To simplify, the ONS and other critics of the RPI mainly blame the Carli formula (used in the RPI) for the index’s so-called problems. The same people have a view that Jevons, the alternative formula and the one used in the CPI, is far superior. This is simply not true and I offer two pieces of evidence.

  1. The CPI’s measurement of clothing pre 2010 was terrible. Over two decades to 2011, clothing prices apparently more than halved, when the CPI as a whole was up by more than a half. The CPI clothing component was more “wrong” relative to aggregate CPI pre-2010 than the RPI clothing has been since, post-2010 – and for much longer, and it was a larger weight. So Jevons caused more damage to the measurement of UK’s clothing than Carli has.
  2. Rates of clothing inflation in many EU countries look implausible. Over the last decade Polish and Bulgarian aggregate CPIs showed almost identical growth yet one has clothing falling by 37% and the other rising by 17%. Lithuania clothing fell by 12%, Estonia rose by 41%. The Irish numbers are simply extraordinary. These are divergent, nonsense trends, despite using Jevons.

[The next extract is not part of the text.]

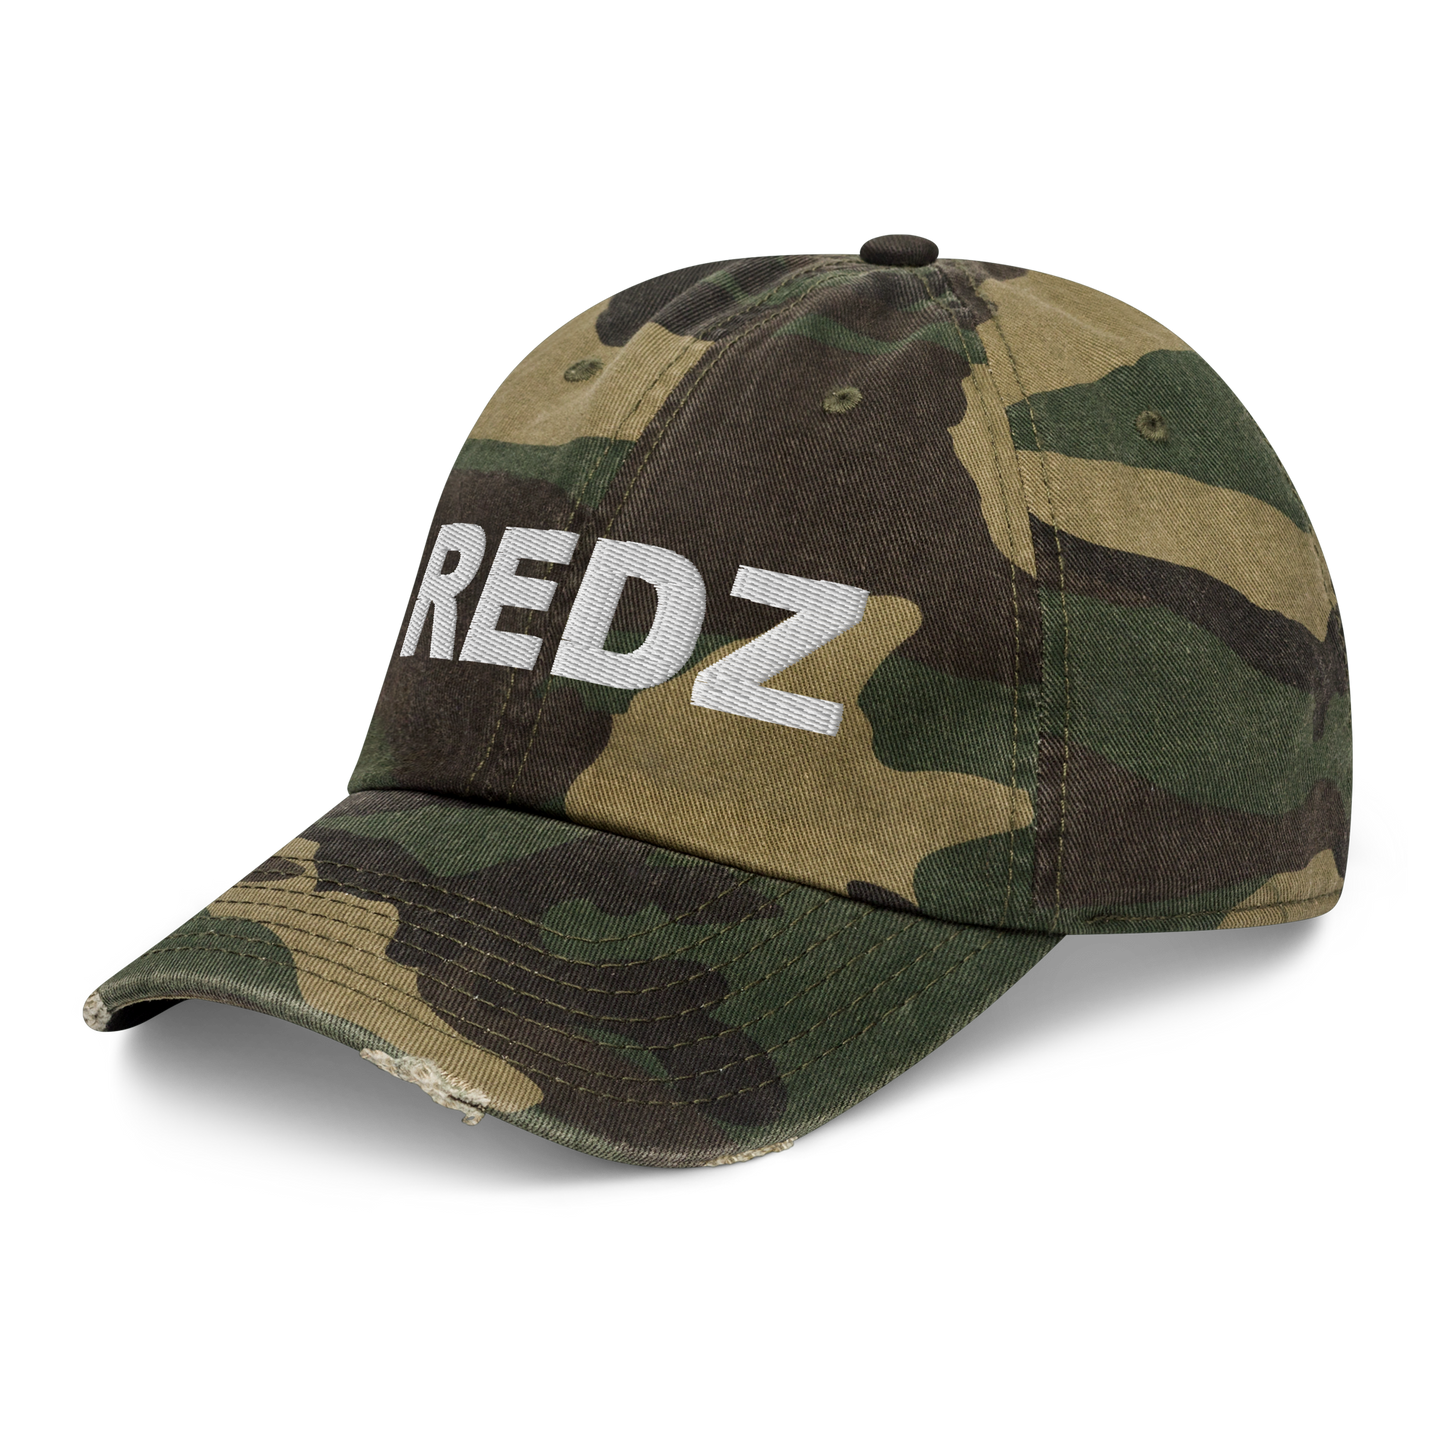 Redz Distressed Dad Hat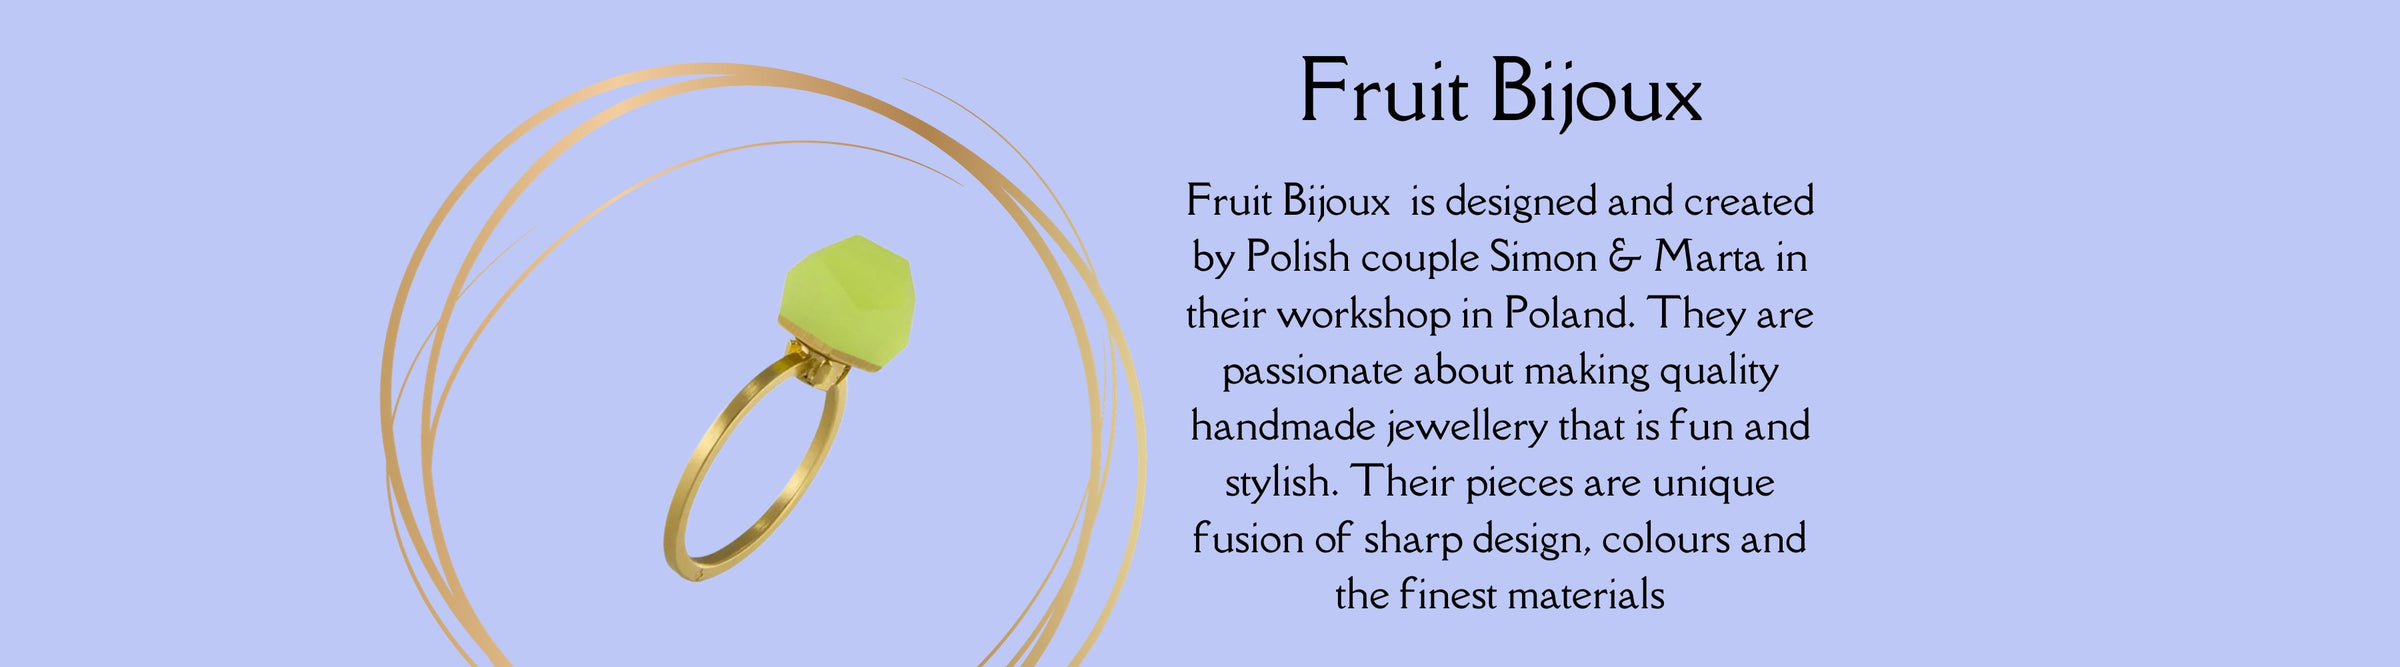 Fruit Bijoux

Yet it seems that neither the nation states that produce these figures nor Eurostat that governs them have noticed. The ONS turns a blind eye. No one blames the Jevons formula for these trends, so why is Carli the reason for RPI’s problems in the last decade? It is the price collection of clothing that is the problem. If you put poor quality raw data into any formula the results will not be plausible. 

Bias in ONS thinking

ONS seems unable to appreciate the consequences of two truths about the measurement of inflation:

  1. Inflation is a latent variable. The true rate of inflation is unknown yet ONS states stridently that the RPI is wrong and CPI is good. The evidence is, in contrast, that many experience inflation closer to RPI than CPI.
  2. There are different uses and users of inflation indices. No one price index fulfils any one of those purposes perfectly. No one index is perfect for all purposes. Household or pensioner experience of inflation is conceptually and (probably) numerically different to macroeconomic inflation. The differences in construction between RPI and CPI are not, as ONS says, problems to resolve, they have evolved over time, are there by design and justified.

Politics and independence

The Lords’ report made clear that ONS/UKSA was not acting independently. The committee suggested that statisticians are afraid to change the construction of RPI for fear of it leading to fiscal costs from redeemable index-linked gilts. But this is UKSA playing politics not doing statistics. ONS needs to produce the RPI and produce fit for purpose official statistics – and not to worry about the gilt market. This is due process, as set out in legislation.

Political interference happens at all levels and at every opportunity. It seems that attendees from the ONS, Bank and Treasury usually outnumber others at stakeholder panel meetings. In contrast, the RPIAC in the 1990s had 4 out of 21 from the same institutions. That UKSA has had to wait to publish its response to the Lords report until the Treasury is ready (and that the publications are co-ordinated) is hardly a sign of independence. It’s not hard to imagine who had the final say over the content of the responses. The Treasury’s involvement is all the more odd given UKSA is a non-ministerial department reporting to the Cabinet Office.